Hace 27 años, O.J. Simpson –y no “Charlie” ni nadie más que él– tenía motivos para cometer los asesinatos, los motivos de un violento: ya no podía controlar a Nicole. Y la evidencia que los investigadores descubrieron a la mañana siguiente de los hechos se sumaba a los años de maltrato contra su ex mujer. Mientras sus hijos de 8 y 5 años dormían, apuñaló a Nicole y a Goldman en el patio de la casa de Bundy Drive, Brentwood. Con ella, la saña fue mayor: tenía heridas defensivas en las manos, varios cortes en la cabeza y un tajo tan profundo en el cuello que prácticamente le llegaba a la columna vertebral.
En la escena había huellas ensangrentadas de los mismos zapatos Bruno Magli que usaba Simpson y manchas de sangre coincidentes con su ADN que marcaban un camino hasta la reja de la entrada y continuaban en su camioneta Bronco –la misma en la que protagonizó una persecución cinematográfica y amenazó con suicidarse cuando las autoridades presentaron cargos en su contra–, su propio cuarto en su casa de Rockingham y hasta sus medias. Aunque esa noche su chofer lo había llevado al aeropuerto para tomar un avión con destino a Chicago, cuando regresó de urgencia –luego declararía que tuvo que esperarlo y que lo vio llegar desde la calle antes de que saliera de su casa–, otra cosa llamó la atención de los detectives: tenía una venda en la mano izquierda.
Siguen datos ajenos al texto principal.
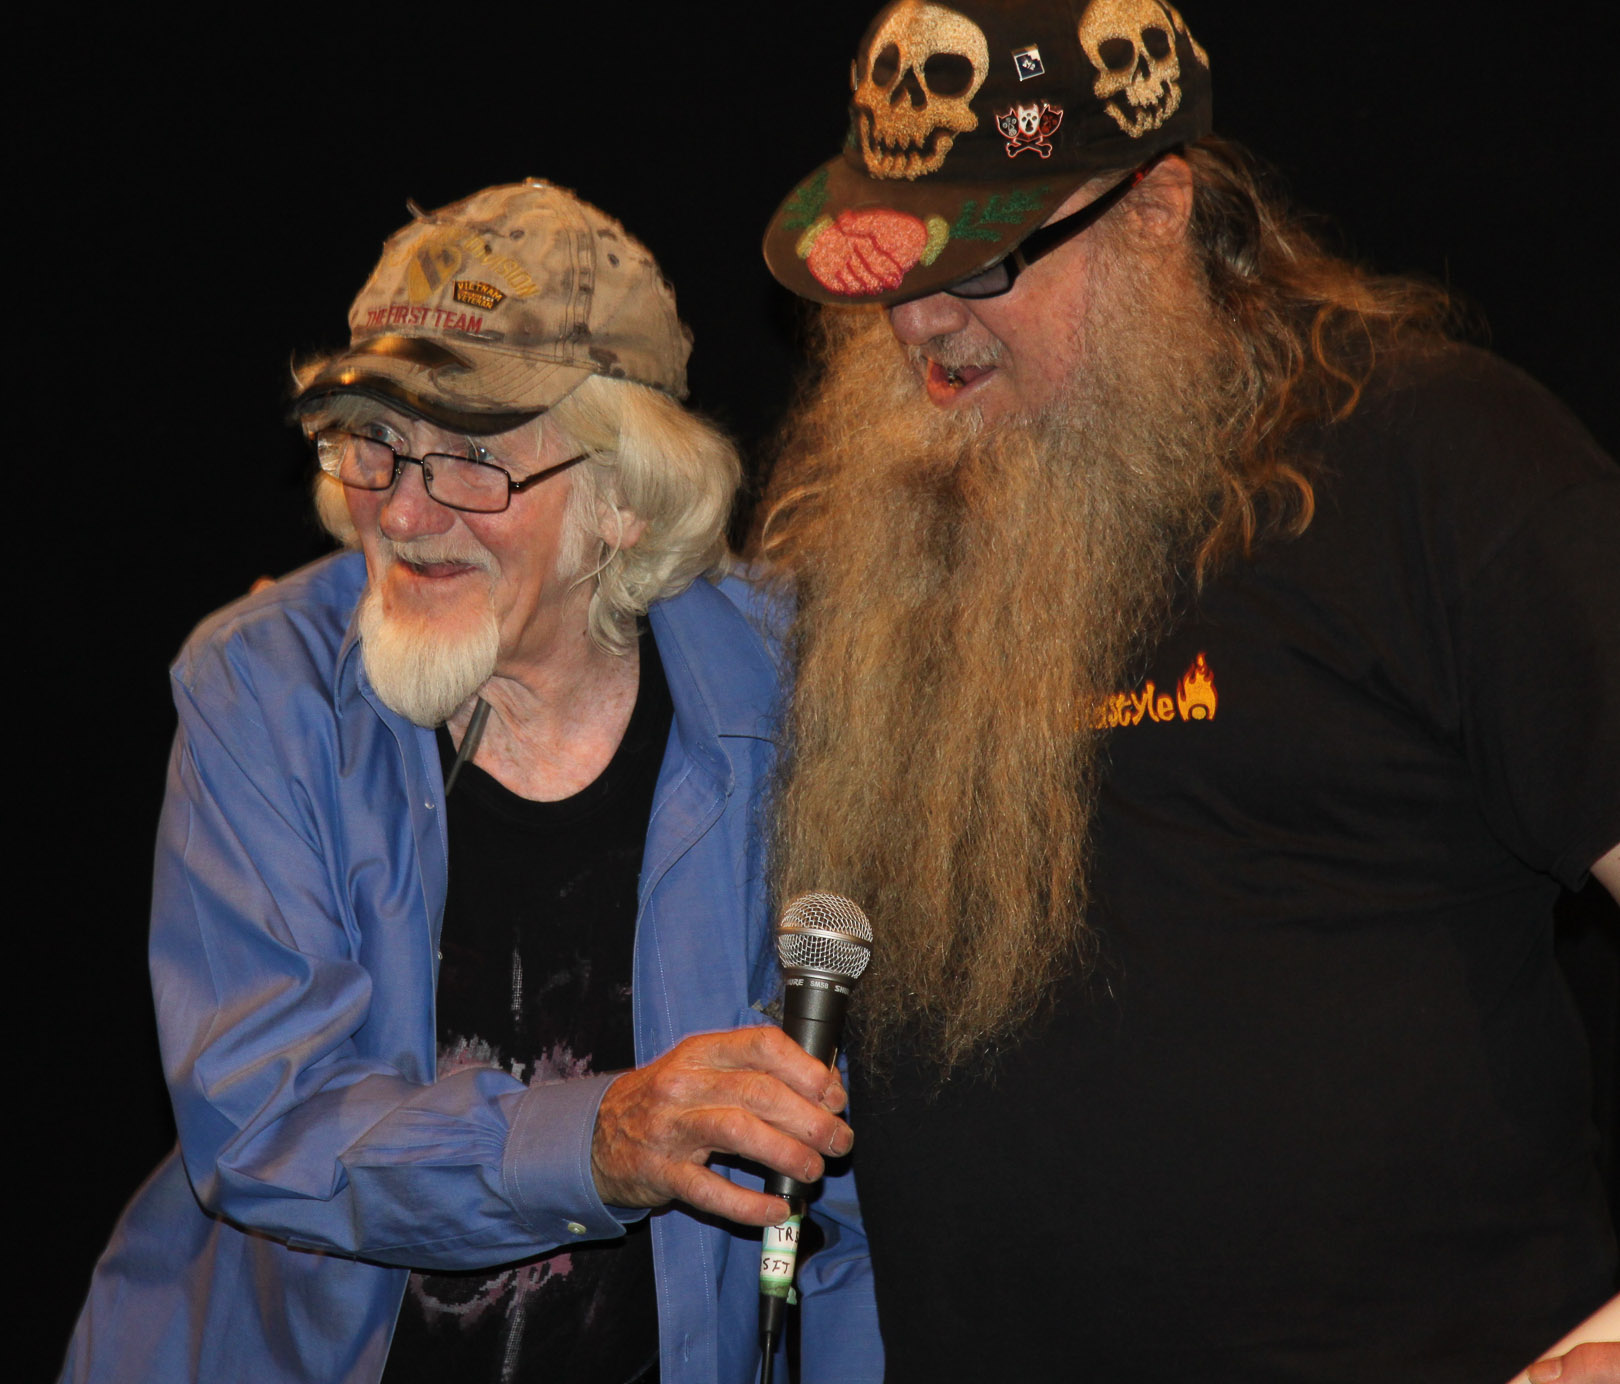 Jim Power, the Mosaic Man, left, was honored by Clayton Patterson at last year’s Acker Awards for defiant avant-garde artists, held at Theatre 80 on St. Mark’s Place.    Photo by Tequila Minsky

Pero además, un guante de cuero ensangrentado fue encontrado en la casa de Brown en Brentwood y el otro guante del par en la propiedad de Simpson en Rockingham. Esos guantes fueron, sin embargo, claves para la defensa, que durante el juicio de El Pueblo contra O.J. Simpson, por el que el Estado de California lo acusó del doble crimen, aseguró que toda la evidencia había sido plantada por Mark Furhman, un oficial racista que había participado de los allanamientos. El 15 de junio de 1995 la fiscalía le pidió al acusado que se los probara. Igual que en la entrevista que emitiría Fox en 2018, ese día, mientras millones en todo el mundo miraban el juicio por televisión, Simpson sonrió confiado. Apenas se probó el guante izquierdo pudo mostrarle a la audiencia que no le entraba. Después se puso el derecho y, con los dos a medio poner, levantó los brazos y se encogió de hombros en un gesto probablemente aprendido en sus tiempos en el cine junto a Leslie Nielsen. “Demasiado ajustados”, dijo.
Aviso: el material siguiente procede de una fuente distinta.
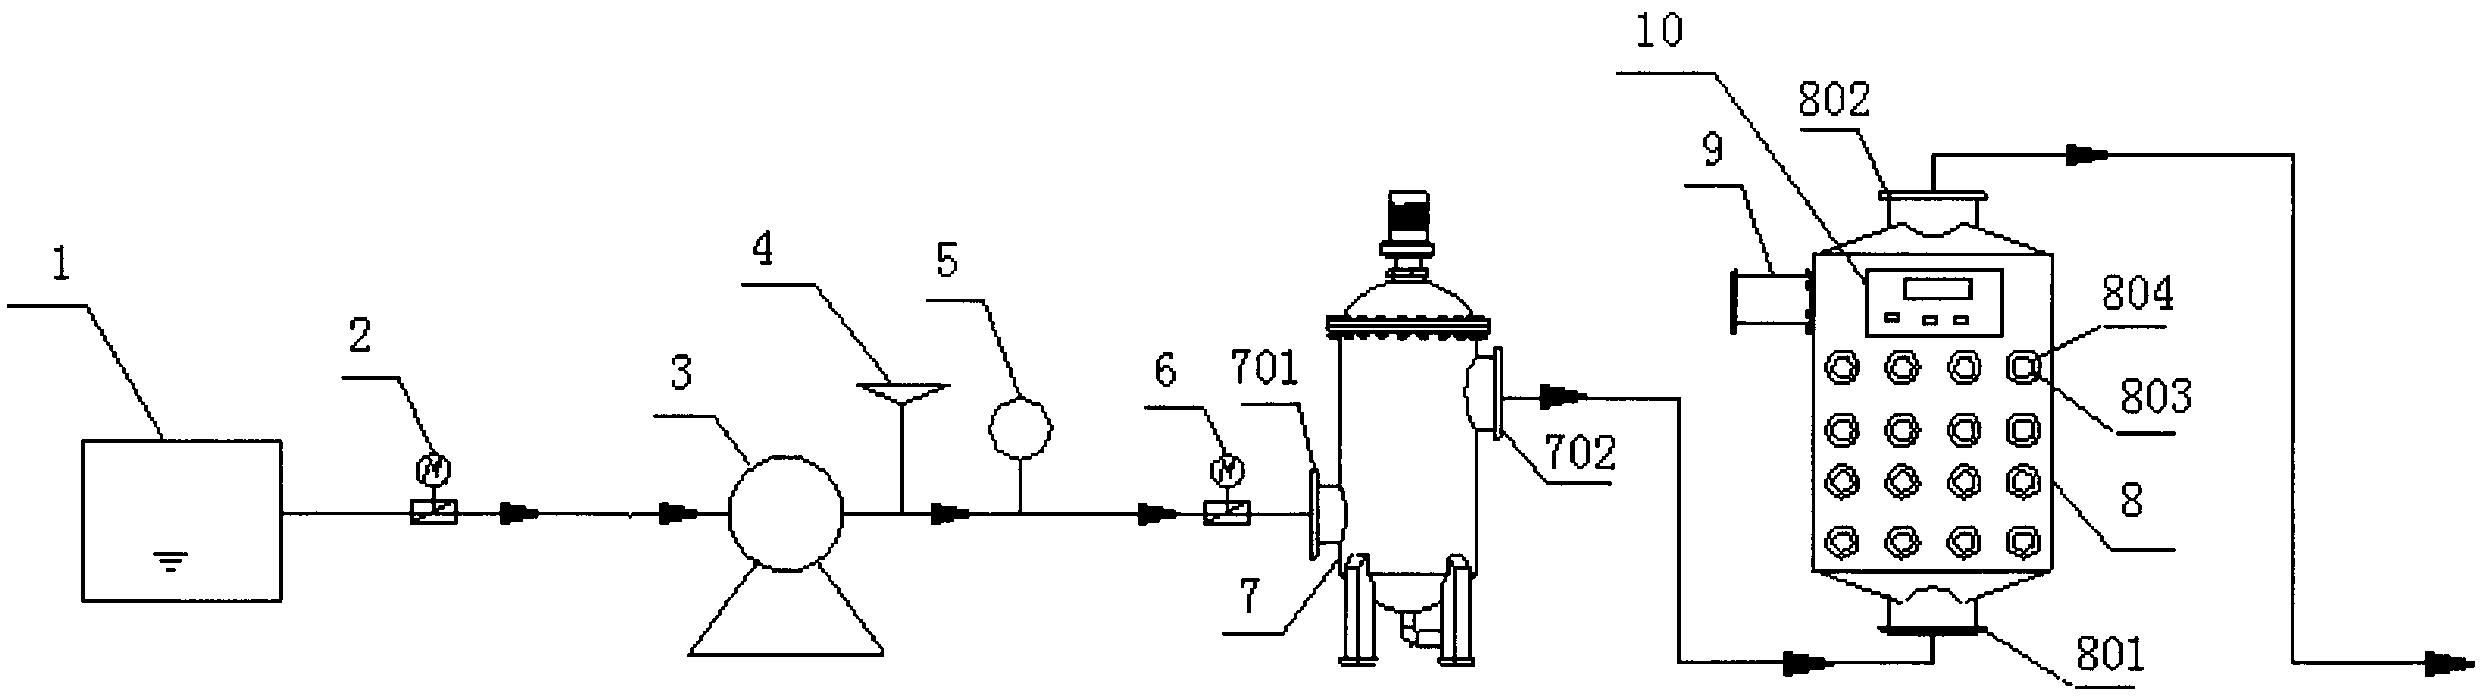 Method and apparatus for processing ship ballast water through filtration, ultraviolet and ultrasound

Lo muestra la serie American Crime Story basada en los hechos, después de eso, Cochran, que lideraba el equipo de abogados, impuso una frase que quedaría para siempre en la memoria popular norteamericana: “Si no encaja, se debe absolver”. Hay muchas teorías sobre por qué los guantes no le entraron, pero más allá de quién o porqué desgarró el forro o rompió el par extra de hule que se usaba para no corromper la prueba, la más plausible tiene que ver simplemente con la época.
El femicidio de Nicole Brown y el femicidio vinculado Ron Goldman quedaron impunes en gran medida no solo porque la Justicia les dio la espalda, sino porque la sociedad toleró toda la serie de violencias a las que Nicole fue sometida antes, durante y después de su muerte: cuando denunció a su agresor y no fue escuchada ni siquiera por su entorno; cuando fue instada a quedarse en una relación violenta por motivos económicos; cuando se expusieron detalles morbosos sobre su vida privada ante la audiencia del mundo entero; y cuando –incluso luego del juicio civil que lo condenó– se le asignó la custodia compartida de sus hijos a su familia y al propio acusado, con el que crecieron. ¿O acaso hay algo más simbólico que el hecho de que, para la ley, la vida de Nicole y la de Ron tuvieran menos valor que un par de trofeos deportivos?